> **Your goal**
When you repeat the material, keep each line exact and omit the pictures.

> **Dataset section**
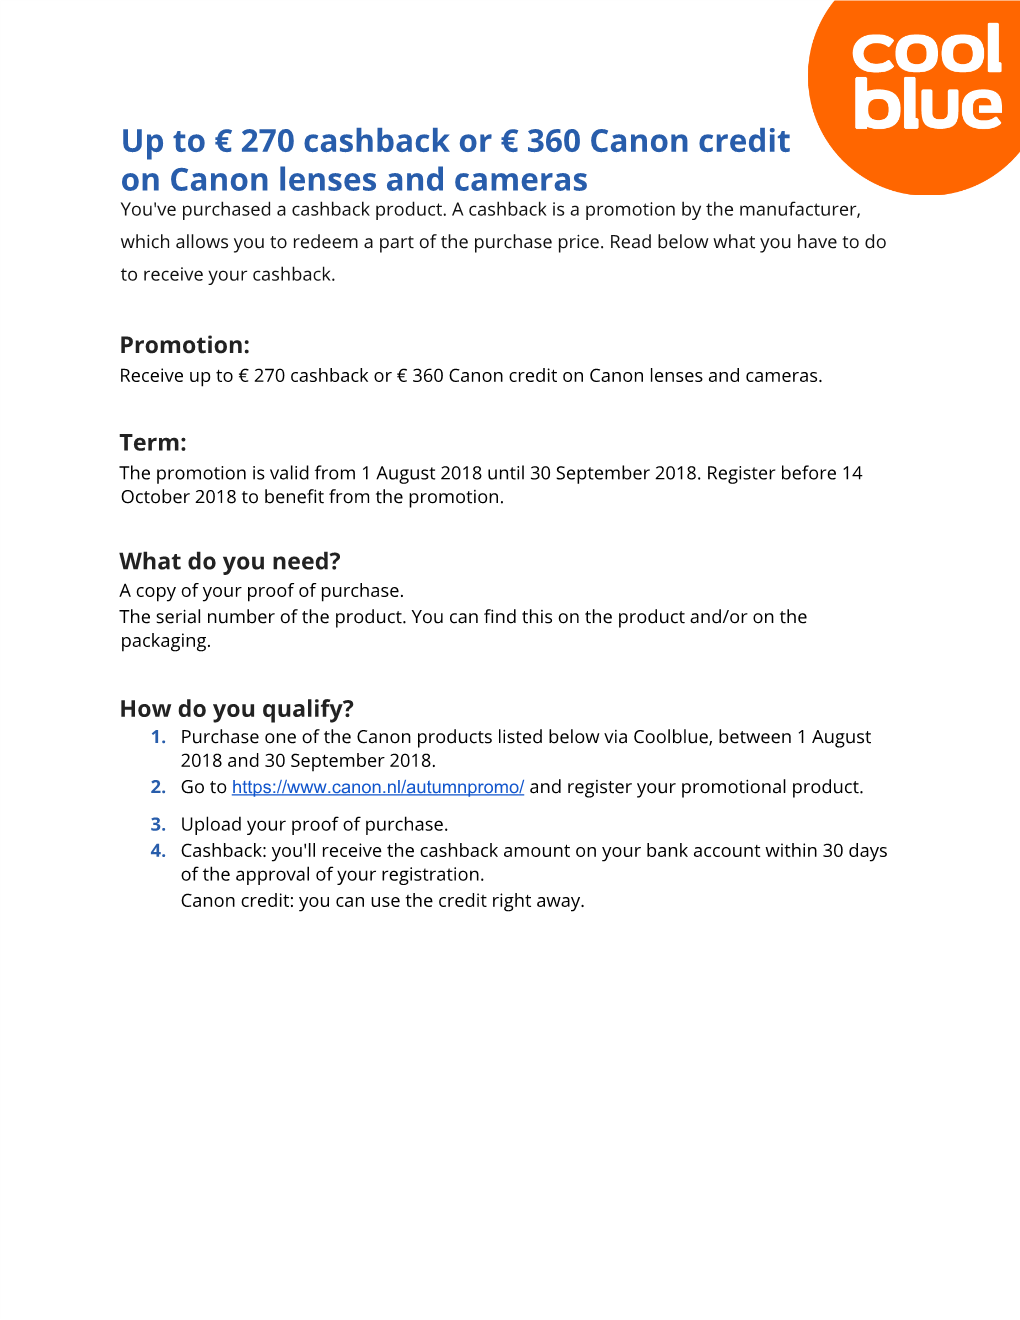 Up to € 270 Cashback Or € 360 Canon Credit on Canon Lenses and Cameras You've Purchased a Cashback Product
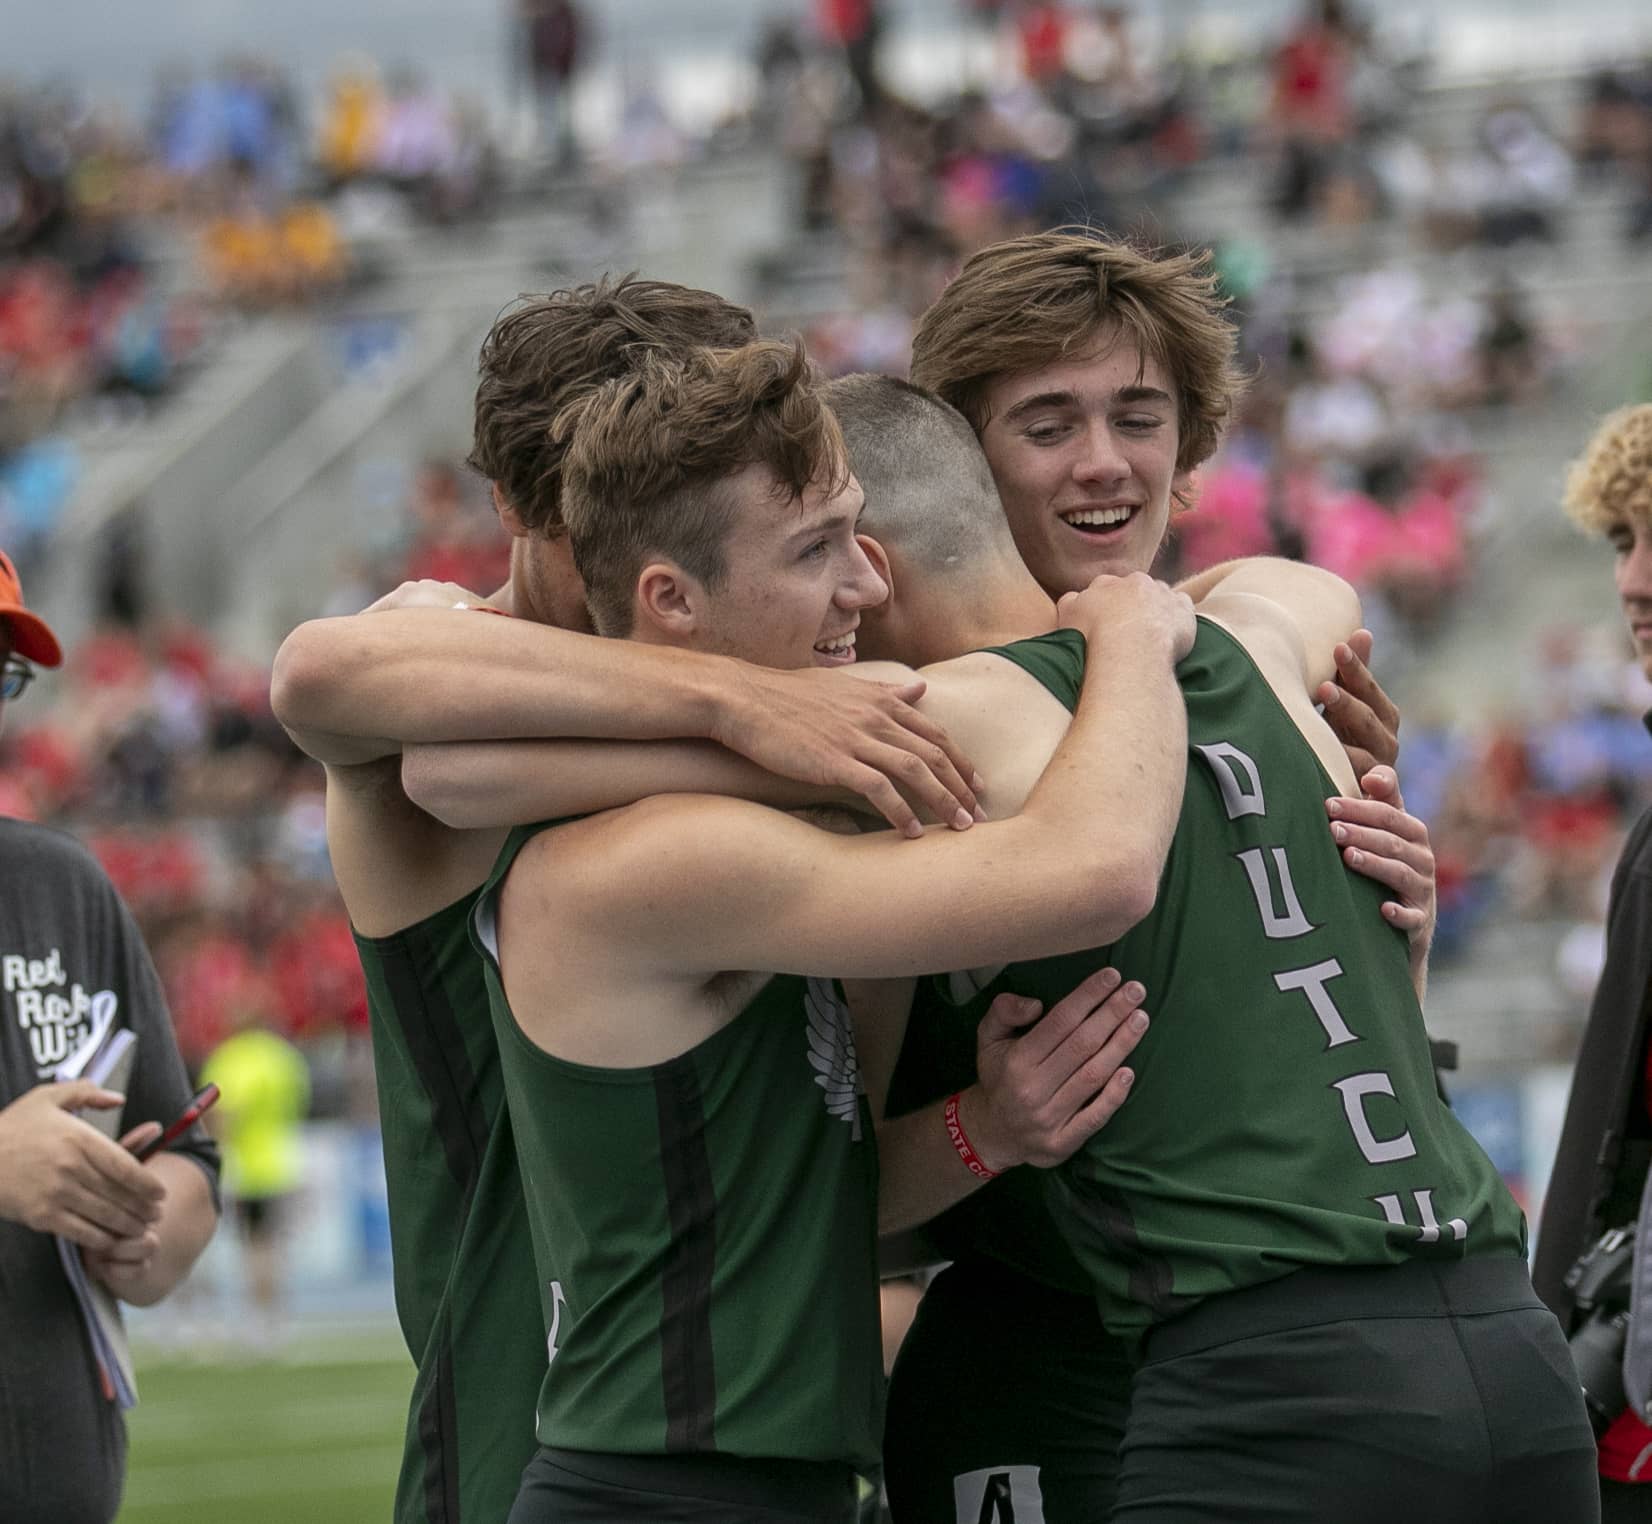 State Track and Field 2021 – Friday Schedule/Results | KNIA KRLS Radio
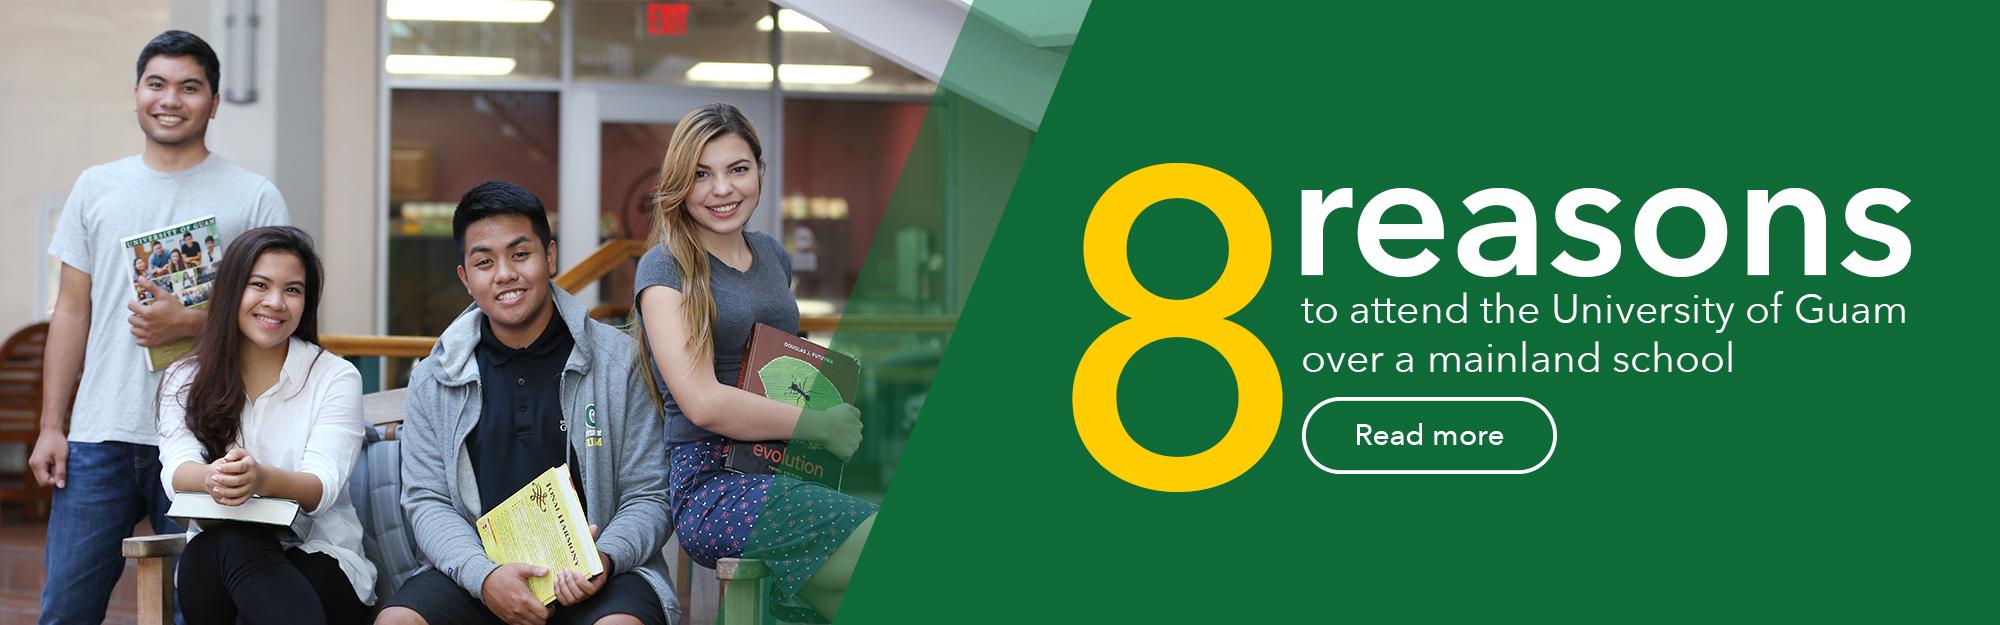 8 reasons to attend UOG over a mainland school

> **Answer to this exercise**
 Up to € 270 Cashback Or € 360 Canon Credit on Canon Lenses and Cameras You've Purchased a Cashback Product
 State Track and Field 2021 – Friday Schedule/Results | KNIA KRLS Radio
 8 reasons to attend UOG over a mainland school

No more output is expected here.